Ülkenin durumunu bir kenara bırakıp sportif pencereden bakmaya devam edecek olursak, erteleme kararı yerinde… Ancak bundan sonraki sürecin de nasıl yönetileceği büyük önem taşıyor. Basketbol açısından birbirini takip eden o kadar çok organizasyon var ki, bunların yeniden programlanması konusu sadece Türkiye’nin değil, Avrupa’nın, hatta Dünya’nın sorunu olmaya devam edecek. Örneğin Çin’den gelen haberlere göre ara verilen liglerin yeniden başlaması söz konusu. Uzakdoğu’dan gelen bu iyi haber, Avrupa’da da virüsün etkisine ve seyrine göre bu ara, çok da geniş bir zaman dilimine yayılmadan liglerin ve tüm organizasyonların yeniden oynanabilmesi adına olumlu bir işaret… Ancak her ne olursa olsun, bilet gelirleri, sponsorluk gelirleri ve diğer tüm gelir kalemlerinden yoksun hale gelen kulüplerin ve özellikle de pandemi öncesinde dahi maddi sıkıntılar yaşayan kulüplerin bu süreçle nasıl baş edecekleri ya da baş edip edemeyecekleri ayrı bir soru işareti… Bu konuda en mantıklı adımı, oyuncu ve antrenör kontratlarının dondurulması kararını alan Euroleague attı ve başta sıkıntı yaşayan kulüpler olmak üzere tüm paydaşlarının elini bir nebze olsun rahatlattı. Ülke federasyonları ve hatta FIBA’nın da bu anlamda olumlu adımlar atması, sürecin daha kolay aşılmasına yardımcı olacaktır.
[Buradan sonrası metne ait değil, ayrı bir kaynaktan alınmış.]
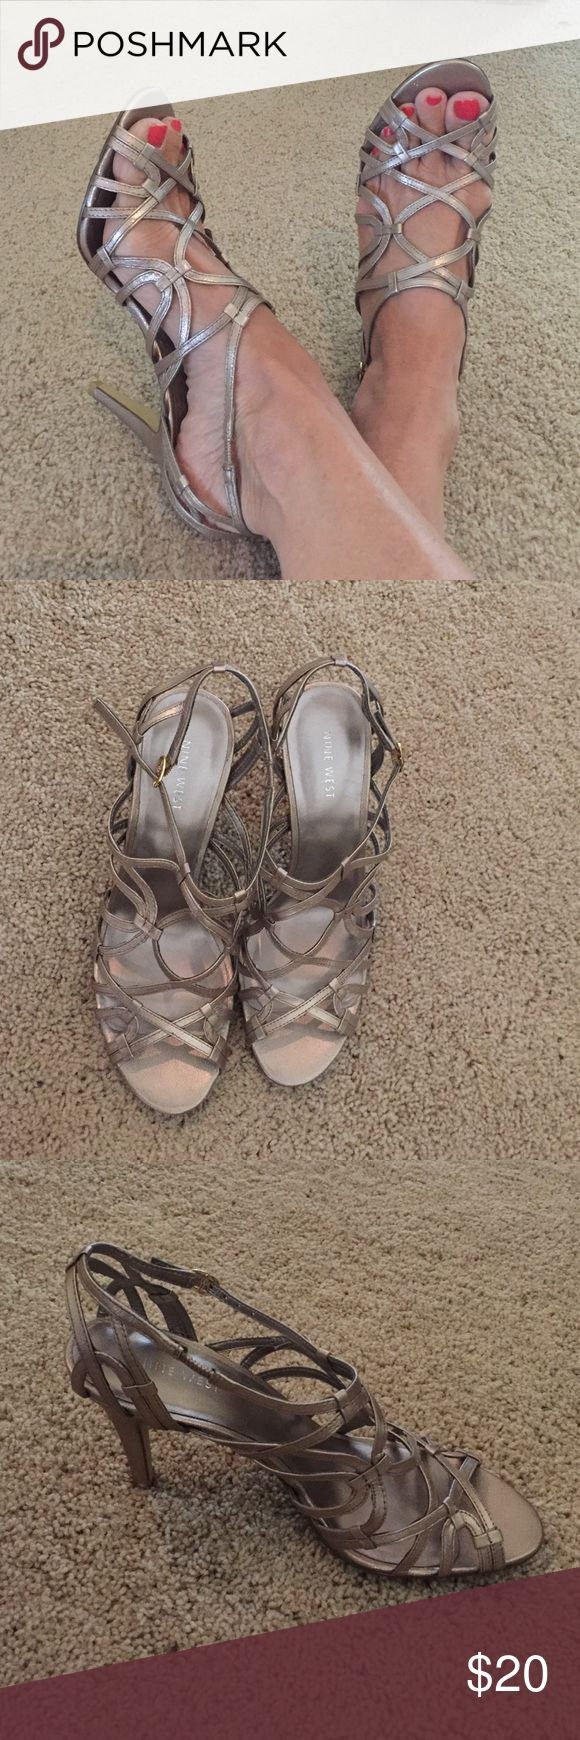 "Nine West- light gold strappy sandals, size 8 Super cute and comfortable-- Nine West- light gold strappy sandals, size 8. Approximately 3 1/2"" heel. Worn once. Nine West Shoes Sandals"

Elbette zaman her şeyin ilacı. Dileğimiz pandemi evresinin en az zararla atlatılması, daha fazla can kaybının olmaması… Sonrasında ise liglerin sağlıklı bir şekilde oynanmaya devam edip, belki de yine bu süreçte devreye sokulacak ‘sıkıştırılmış program’ (organizasyonların daha kısa sürede tamamlanması. Örneğin Play-Off’ta maç sayısının ve maç aralarının azaltılması, liglerin hafta içi de oynanarak tamamlanması gibi) uygulaması ile arka arkaya gelen tüm organizasyonların sekteye uğramadan tamamlanması.